1.6 Metode Penelitian
Sehubungan dengan judul penelitian yaitu “Bias Gender dalam film A Hot
Roof karya Kim Min Yeong ”, maka penelitian yang dilakukan adalah melalui
pendekatan yang dilakukan bersifat kualitatif. Hal ini dikarenakan penelitian ini
banyak menggunakan data dalam bentuk kata-kata. Penelitian ini memiliki
metode penelitian sebagai berikut:
a.
Menentukan objek formal penelitian yaitu ide-ide feminis
b.
Menentukan objek penelitian berupa film berjudul “A Hot Roof”
yang disutradai oleh Lee Min Yeong pada tahun 1995. Objek material sebagai
acuan utama untuk memperoleh dan memproses analisis data.
c.
Dalam penelitian ini pengumpulan data dilakukan dengan studi
kepustakaan . Studi kepustakaan digunakan untuk mencari informasi yang
berguna dan mendukung penelitian.
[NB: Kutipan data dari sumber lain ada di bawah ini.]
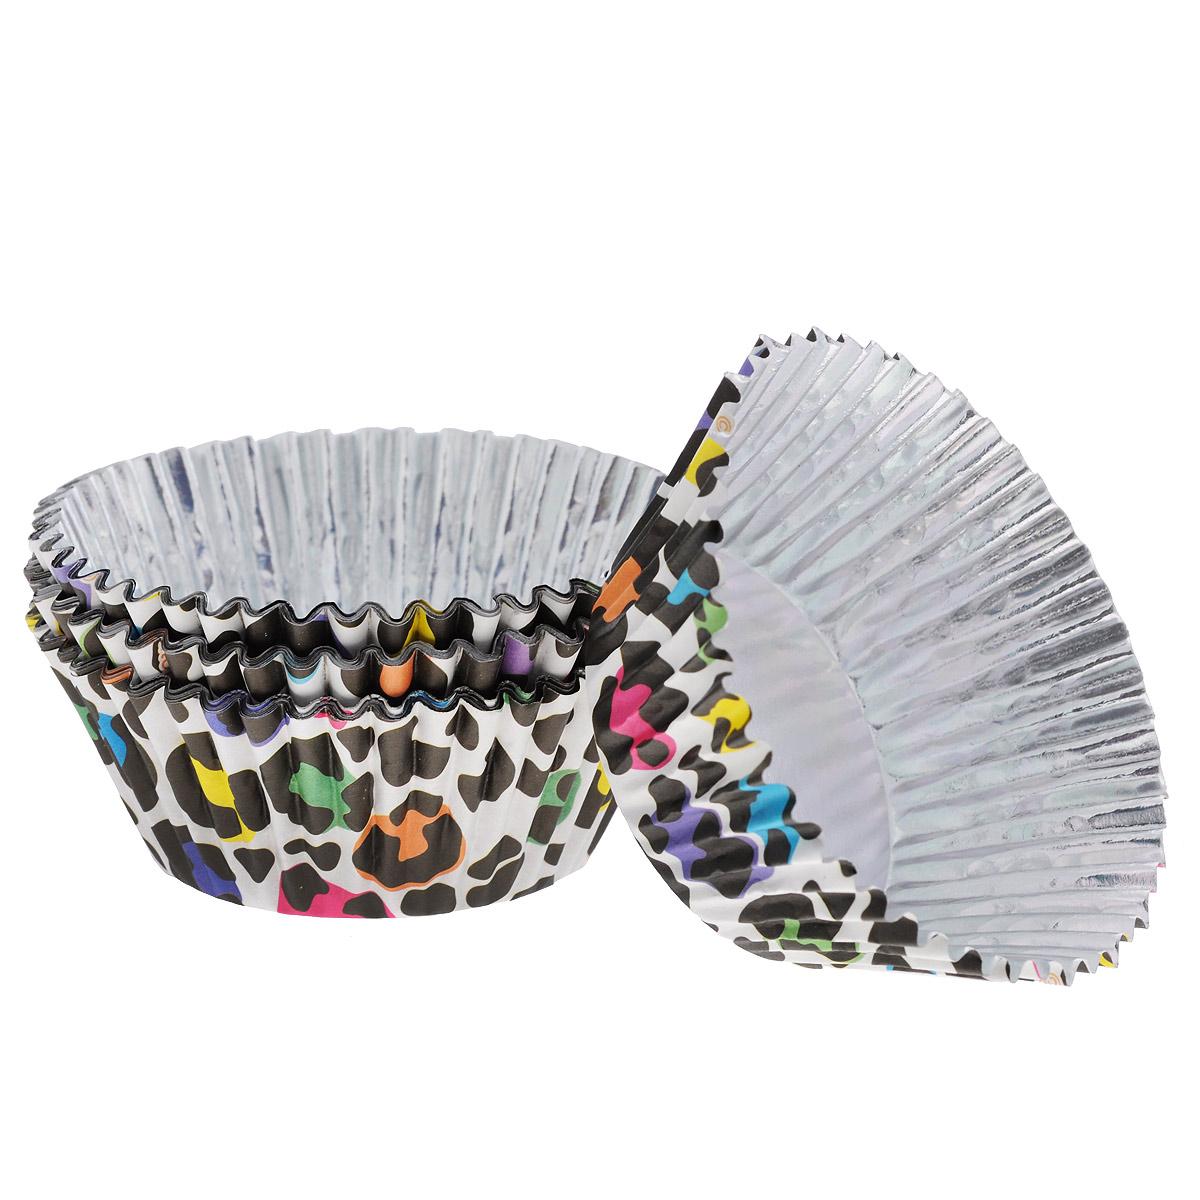 Набор бумажных форм для кексов Wilton Леопард, диаметр 7 см, 36 штWLT-415-2157Набор Wilton Леопард состоит из 36 бумажных форм для кексов. Они предназначены для паковки кондитерских изделий, также могут использоваться для сервировки орешков, конфет и др. Внутри формы оснащены специальным фольгированным вкладышем, благодаря которому изделия не требуют предварительной смазки маслом или жиром. Высота стенки: 3 см. Диаметр (по верхнему краю): 7 см. Диаметр дна: 5 см.

Sumber tertulis yang digunakan sebagai
referensi adalah buku, disertasi, thesis, makalah, jurnal, artikel serta skripsi yang
berhubungan dengan tema. Metode pengumpulan data tentang proses produksi
film, komentar publik seputar film A Hot Roof selain didapat dari sumber pustaka
juga didapat dari sumber internet.
d.
Metode analisis data dilakukan dengan mengolah objek penelitian
yaitu film A Hot Roof dari data berupa audio visual menjadi teks serta transkripsi
dan transliterasi dialog film A Hot Roof. Data yang telah dipeoleh tersebut
kemudian dianalisa berdasarkan kritik sastra feminis dan menemukan ide-ide
feminis yang terdapat dalam film tersebut.
e.
Membuat kesimpulan akhir sebagai laporan dari hasil akhir
penelitian yang diharapkan dapat menjawab secara ringkas mengenai isi
pembahasan analisis film A Hoot Roof.
1.7 Sistematika Penyajian
Sistematika penyajian hasil penelitian iini akan dibagi menjadi beberapa bab
yang terdiri dari:
a.
Bab I berupa pendahuluan yang berisi latar belakang masalah,
rumusan masalah, tujuan penelitian, tinjauan pustaka, landasan teori, metode
penelitian, dan sistematika penyajian.
b.
Bab II berupa identifikasi tokoh-tokoh yang ada dalam film A Hot
Roof yang penyajiannya dibagi menjadi dua bagian yaitu tokoh profeminis dan
kontrafeminis.
c.
Bab III berupa manifestasi ketidakadilan gender dalam film A Hot
Roof. Keterbatasan pilihan yang dimiliki perempuan berdasar atas status sosialnya
dalam masyarakat serta manifestasi ketidakadilan gender yaitu kekerasan,
stereotipe dan subordinasi serta penjelasan beberapa adegan yang mencerminkan
manifestasi ketidakadilan gender.
d.
Bab IV berupa ide-ide feminis sebagai intisari dari film A Hot Roof
dalam perannya sebagai rejeksionis terhadap ketidakadilan gender pada masanya.
e.
Bab V adalah penutup yang berisi kesimpulan dan saran.